[GOAL OF THE EXERCISE]
Beginning at the line containing "Playmobil Ertzaintza policía", repeat each line below exactly up to and including the line containing "trilobite anatomy". Do not repeat the pictures.

[DATA TO PROCESS]
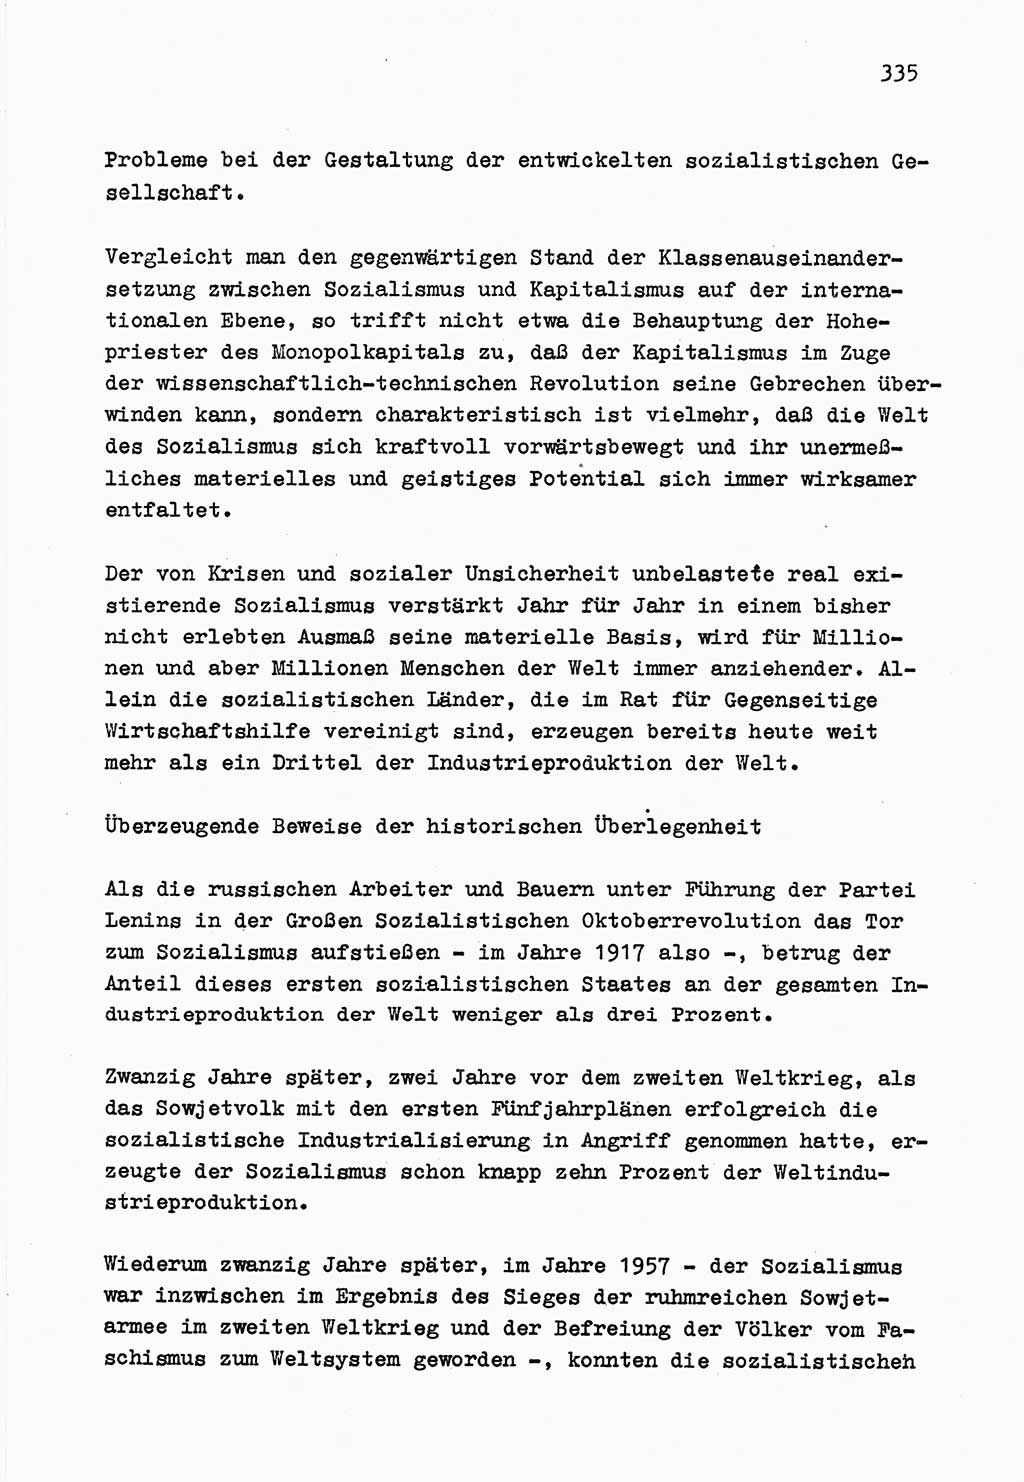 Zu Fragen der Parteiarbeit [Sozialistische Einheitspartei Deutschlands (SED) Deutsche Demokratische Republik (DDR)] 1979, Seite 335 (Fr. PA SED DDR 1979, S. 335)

--

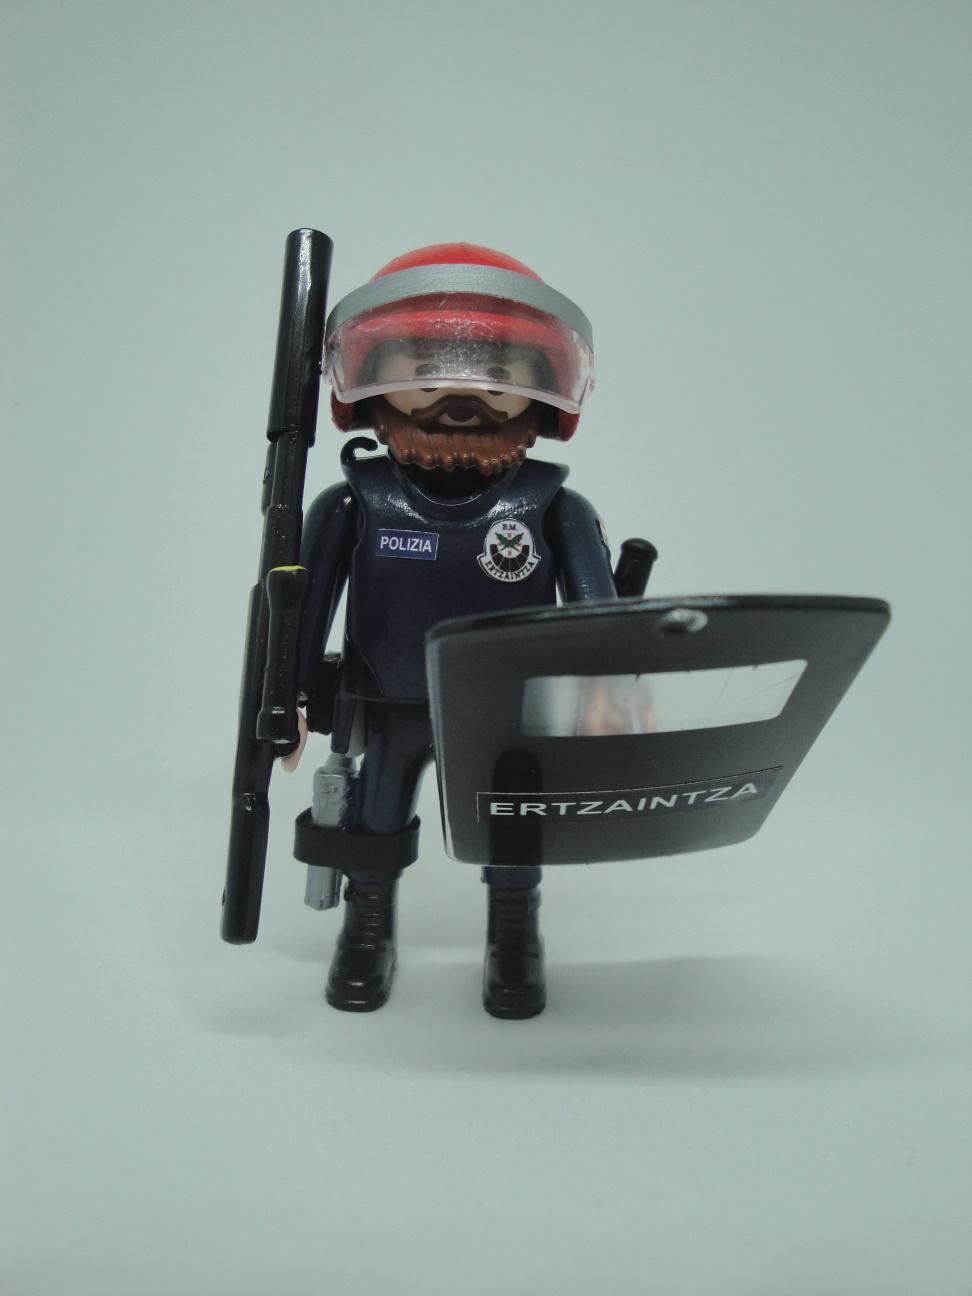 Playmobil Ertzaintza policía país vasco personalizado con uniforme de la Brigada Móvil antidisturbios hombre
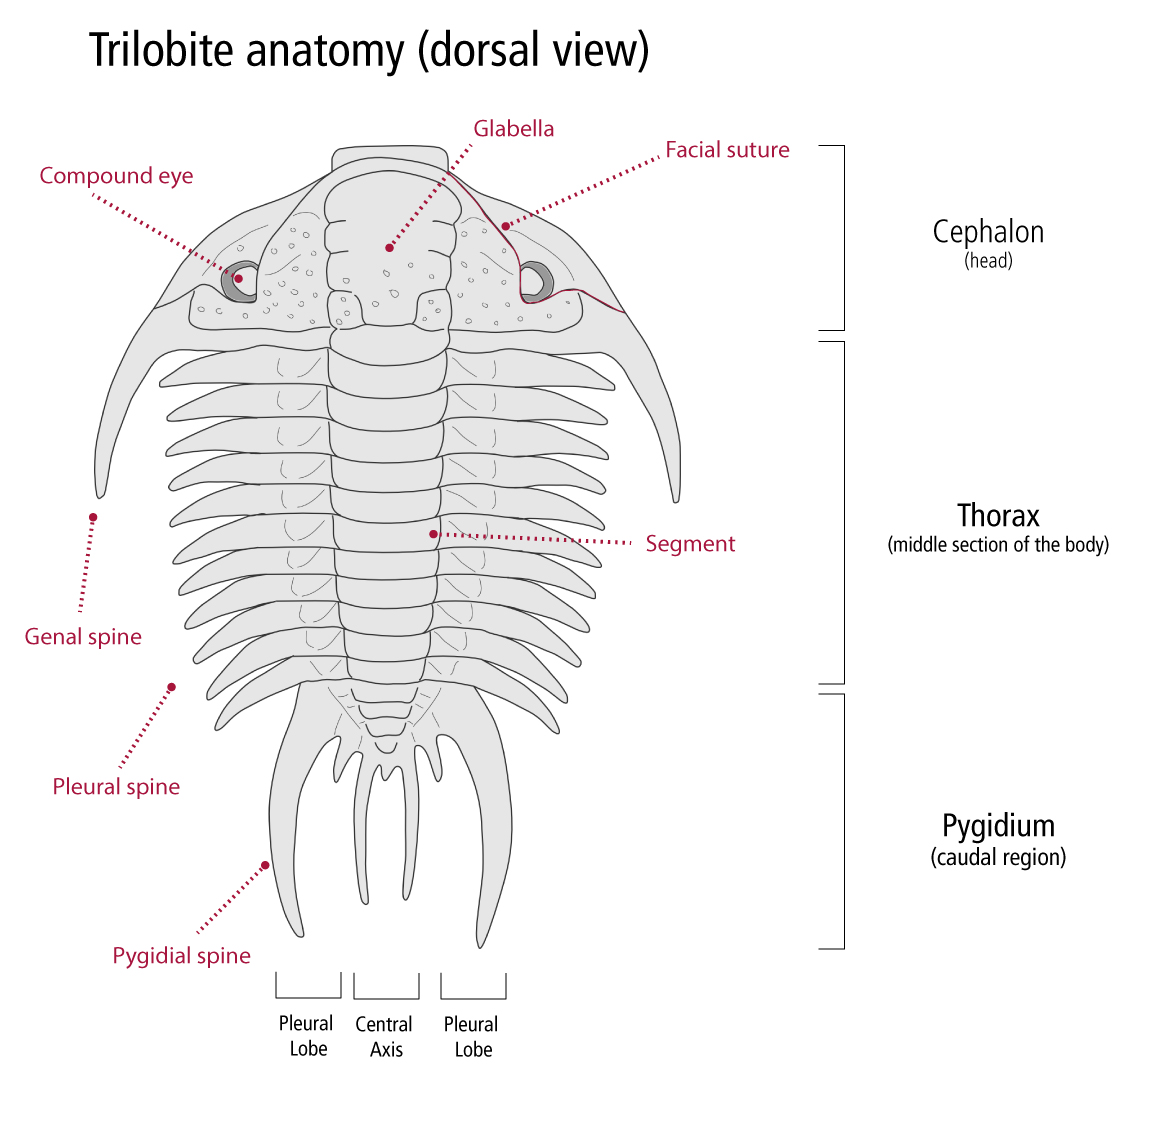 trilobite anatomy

[RESPONSE TO THE EXERCISE]
 Playmobil Ertzaintza policía país vasco personalizado con uniforme de la Brigada Móvil antidisturbios hombre
 trilobite anatomy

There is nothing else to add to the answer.